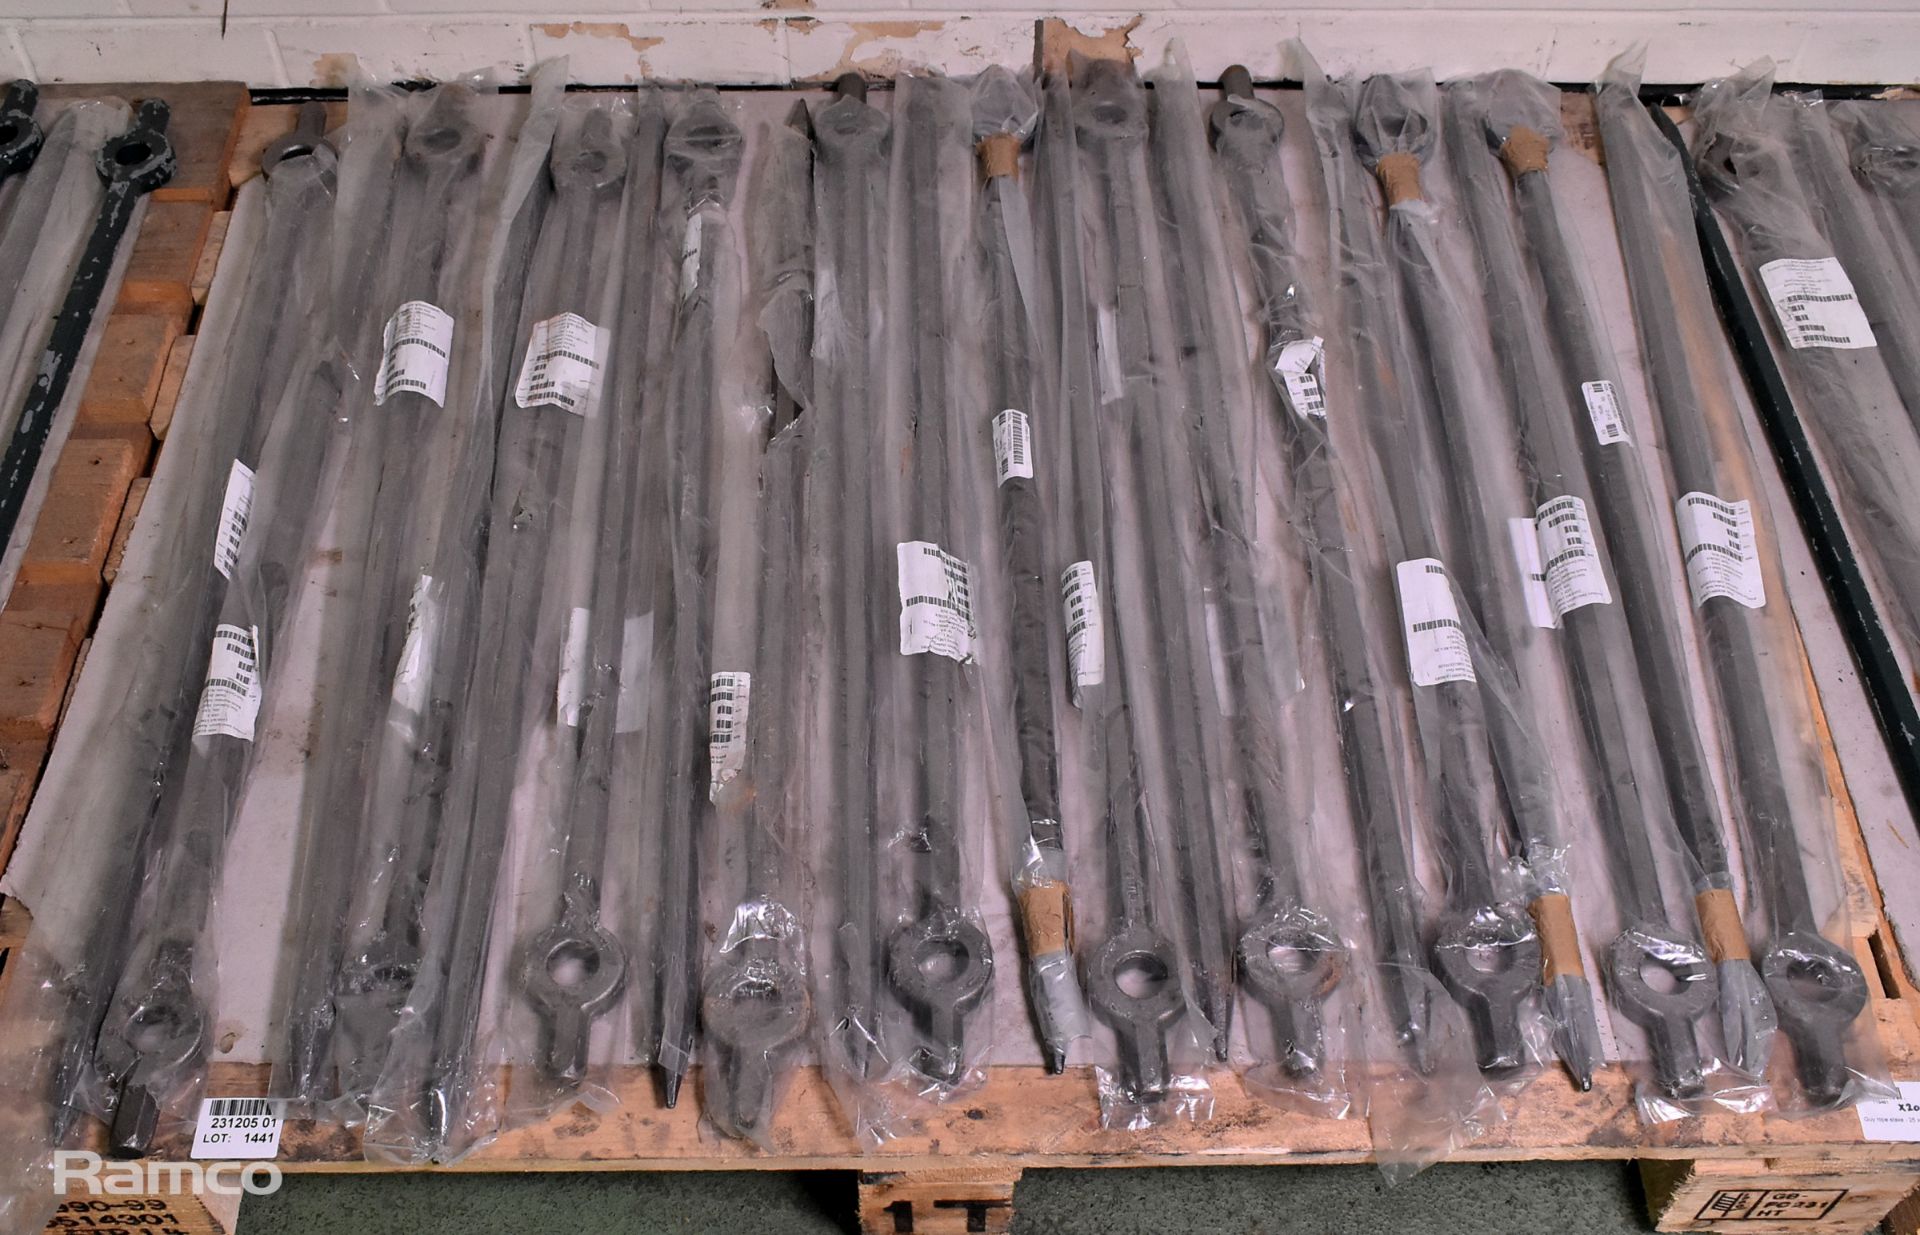 20x Ground anchoring stakes - hexagonal shaft with eye - 25 x 950mm
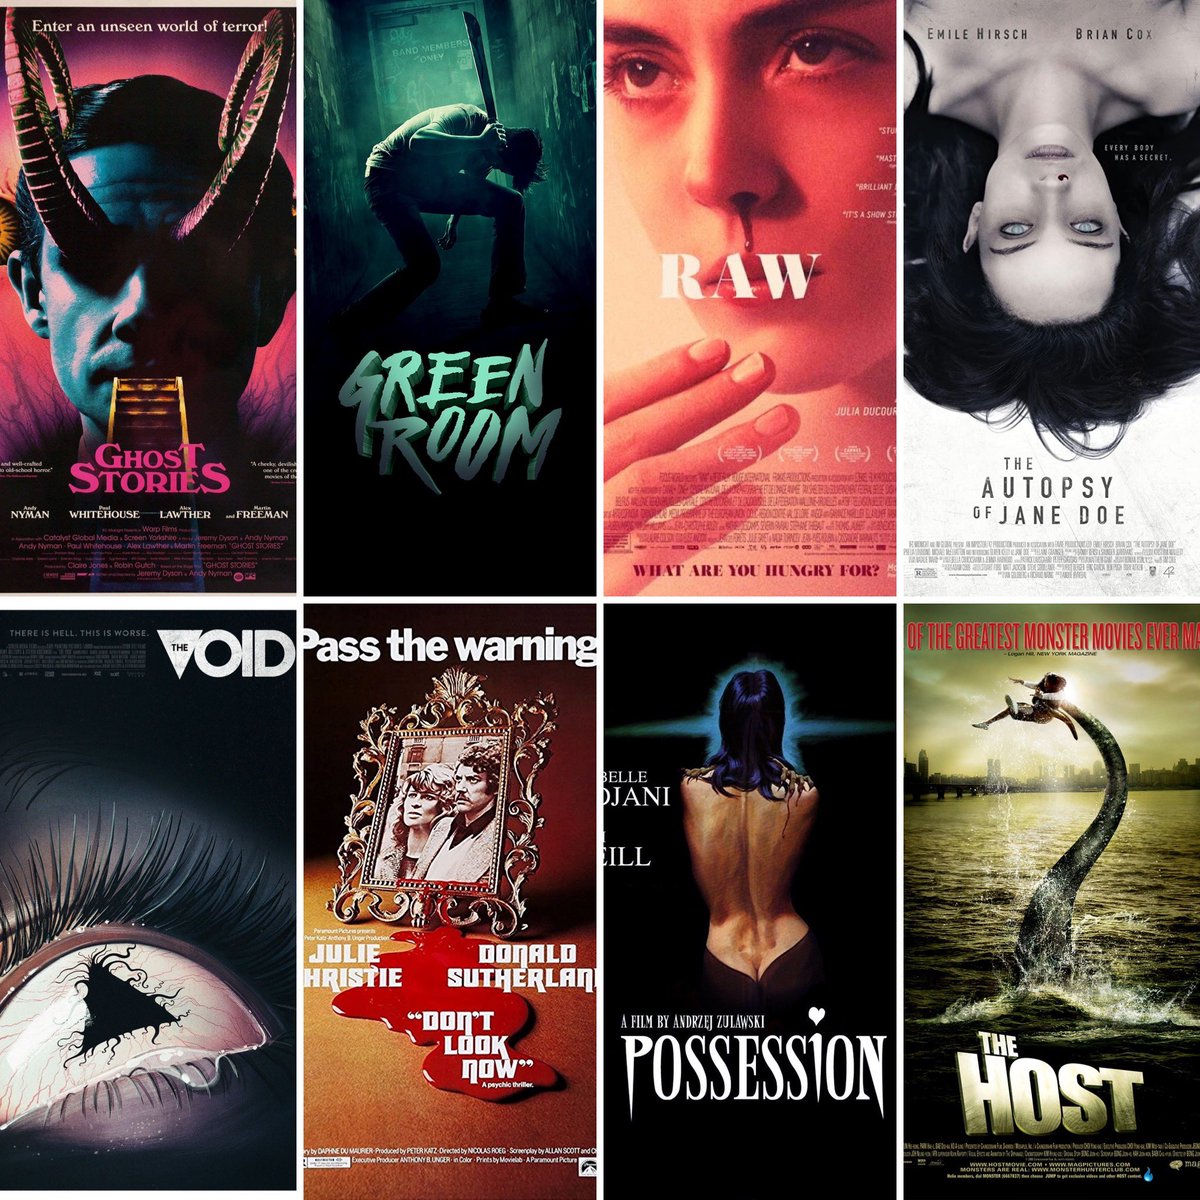 NOTE: This thread will cover all media barring traditional horror movies, there’s already plethoras of lists dissecting those, so I wanna look at some of the less talked about horror mediums, though if you need movie recommendations, here are a few that I’ve enjoyed recently
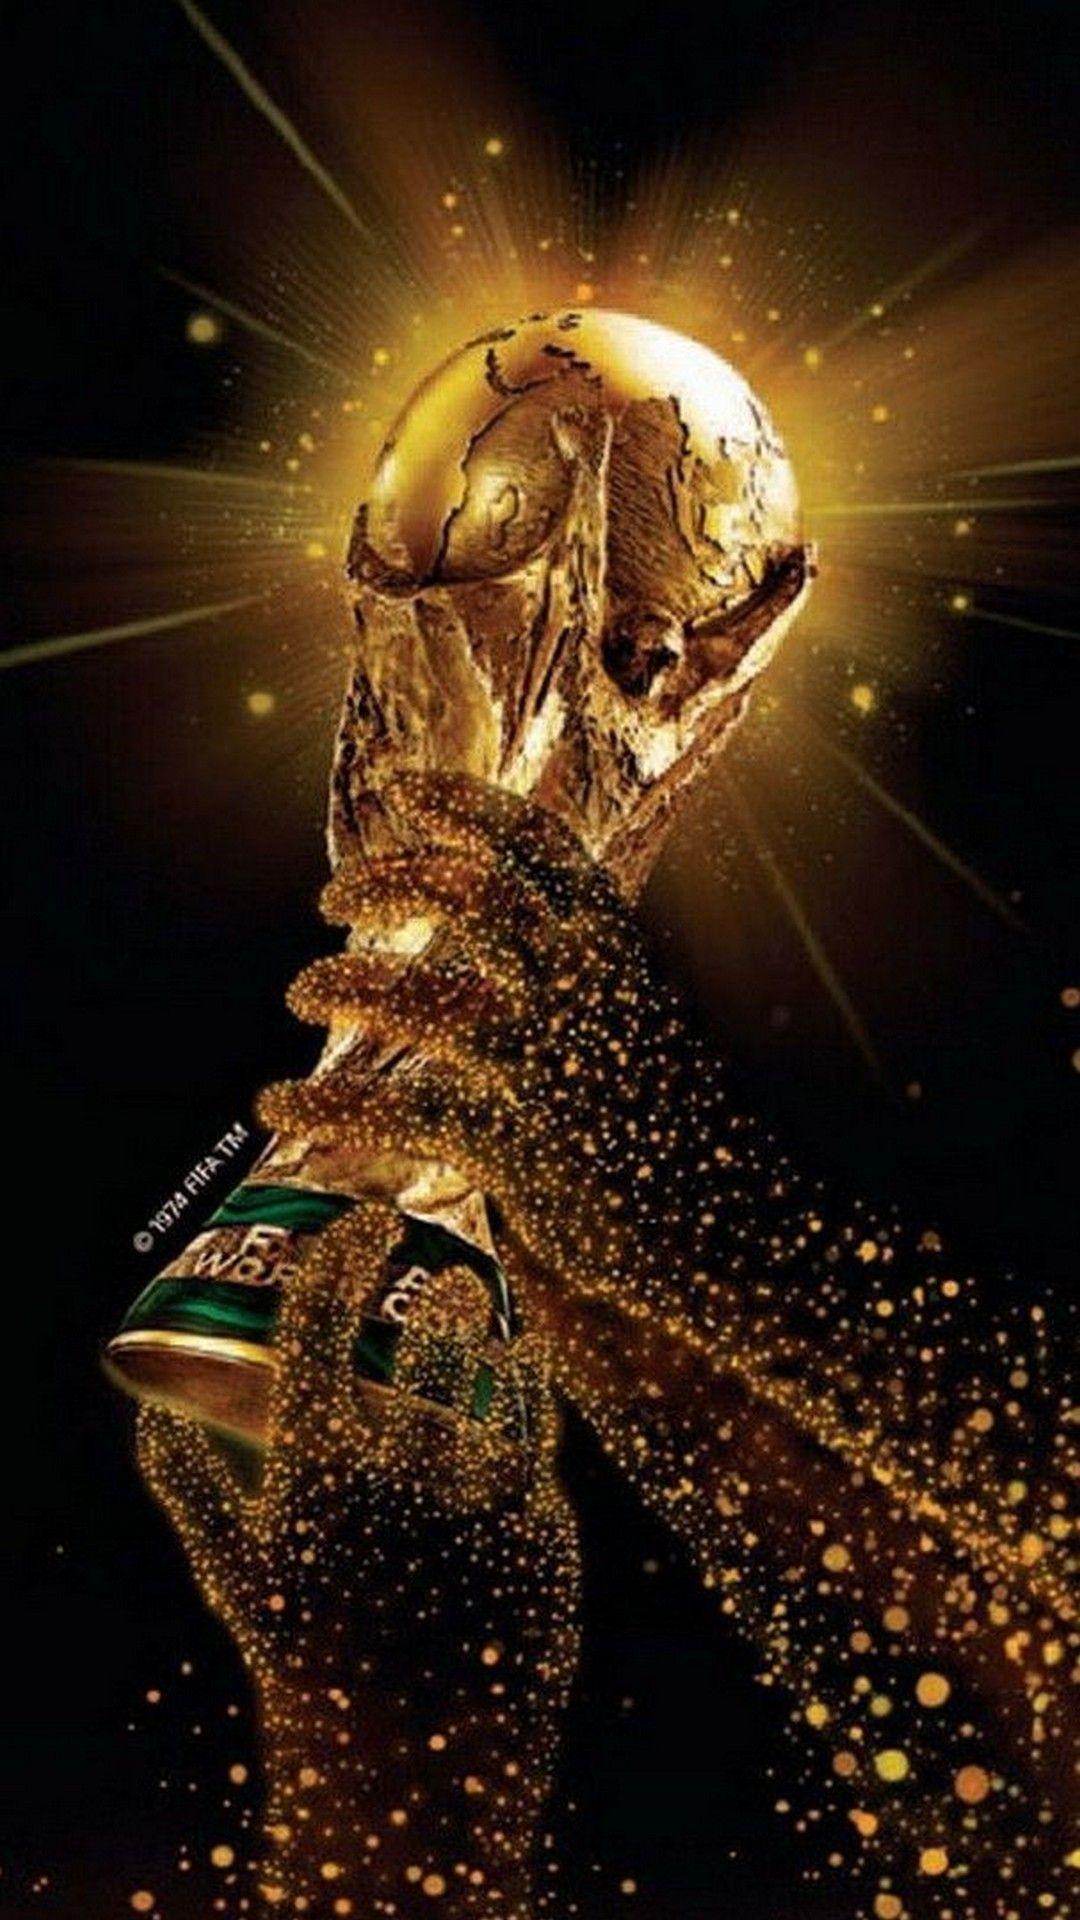 FIFA World Cup Android Wallpaper Android Wallpaper. World cup trophy, World cup, Fifa world cup

* _Work to be completed_: Take the data above and set it down exactly, images excluded.

* _Result of the task_:
 20x Ground anchoring stakes - hexagonal shaft with eye - 25 x 950mm
 NOTE: This thread will cover all media barring traditional horror movies, there’s already plethoras of lists dissecting those, so I wanna look at some of the less talked about horror mediums, though if you need movie recommendations, here are a few that I’ve enjoyed recently
 FIFA World Cup Android Wallpaper Android Wallpaper. World cup trophy, World cup, Fifa world cup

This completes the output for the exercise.